As art, does it create a grand sweep or should it be brushed under the carpet?
Created in 2005 by artists Wolfgang and Heron, this bronze tree has the names of civilian victims from the Second World War inscribed on its trunk and leaves
It's worthy, but as art, does this tree bare fruit for you or is it a barren spruce?
Here's a shock. This rather unflattering blob of a statue by Edward Onslow Ford remains our only one to commemorate a woman in the entire city. Unbelievable.
Anyway, even without the obligatory cone on her head and constant bird poo, Queen Victoria from 1901 either reigns supreme over the new 'gardens' at Piccadilly, or rains on your parade... Which is it?
Another piece from the Colin Spofforth Studio, this is from 2009 and presents four human forms carved from Cumbrian sandstone.
But does it fill you with awe and transfix you to the spot or make you want a lie down and die?
Created by Axel Wolkenhauer in 1989, this piece was a competition winner, outshining other entries all of which had to reflect science and technology in some way
So, do the thick, bright red arches of steel rope make you want to skip for joy on the surrounding grass or hang yourself from the nearest tree?
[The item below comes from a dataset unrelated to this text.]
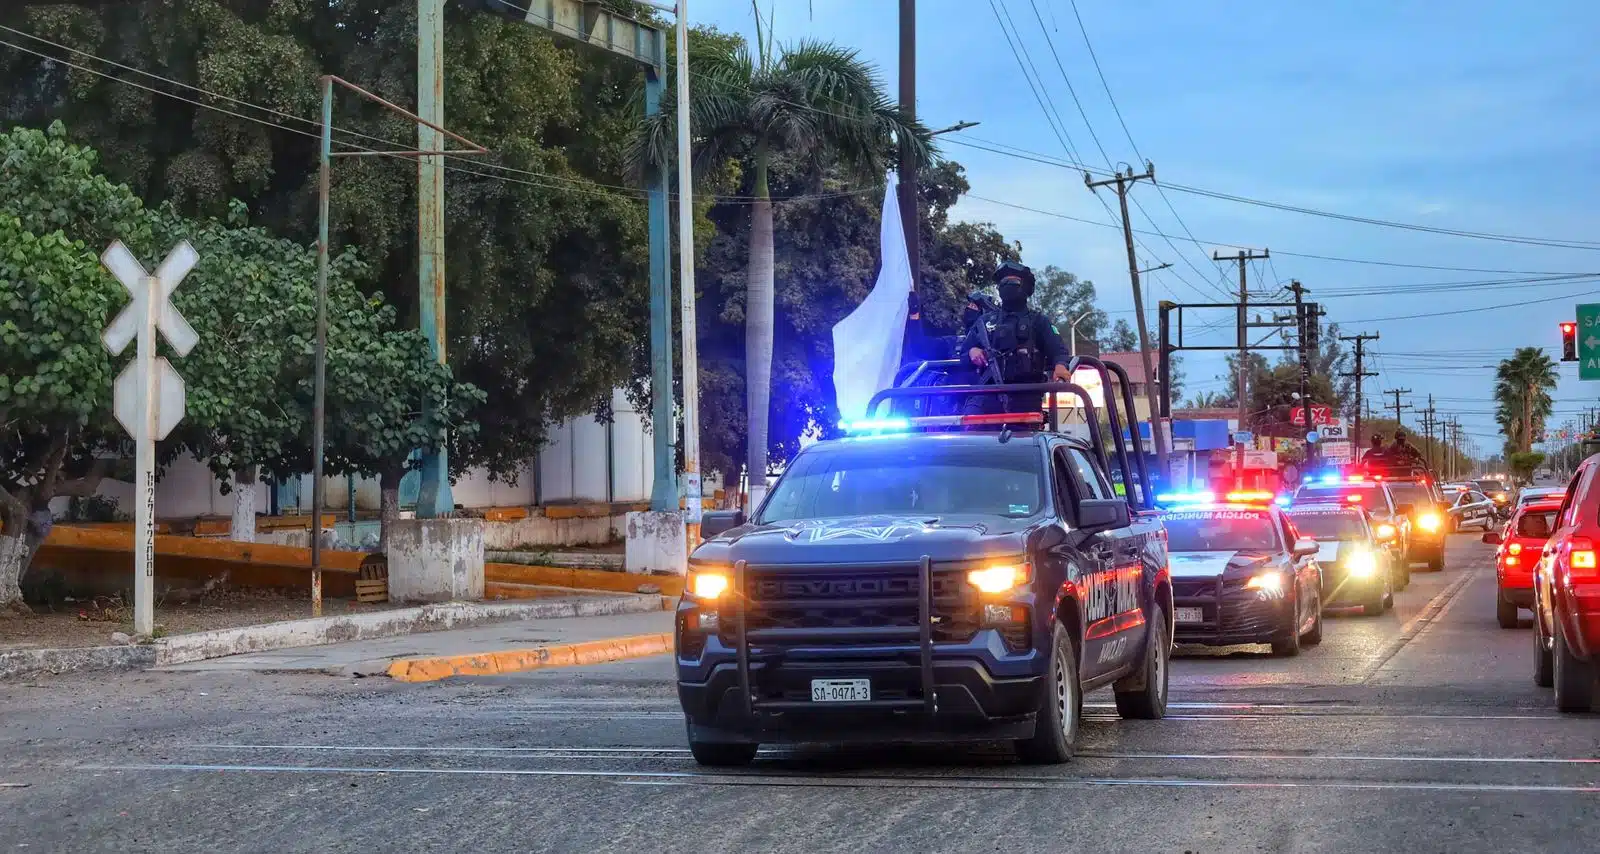 Patrullas de la Policía Municipal de Navolato salen en caravana con una bandera blanca en símbolo de que hubo saldo blanco durante Semana Santa

These three ceramic high-voltage insulators are arranged as a group at different heights to represent a family of two adults and a child
But does this 1987 piece by Christopher Rose Innes and Tony Pass spark fire in your imagination or leave you out in the cold?
For a centre of science and technology, Umist has its fair share of public art and Combustion from 1994 is one of the smaller pieces dotted around the campus
Does Marshall Hall's bright orange sculpture make you think that the future of public art is bright, or make you want to self combust with rage?
The French artist know only as Space Invader creates mosaic art in cities across Europe, and Manchester has several examples
They're often placed in subtle areas and can be missed unless you know where to look
But are these alien visitors a welcome close encounter or vile things from another world?
Modernism came to Manchester in a big way with this wall, created by Japanese professional boxer turned award-winning architect Tadao Ando.
It's the most controversial piece of public art in the city.
What do you think? Berlin or Great Wall?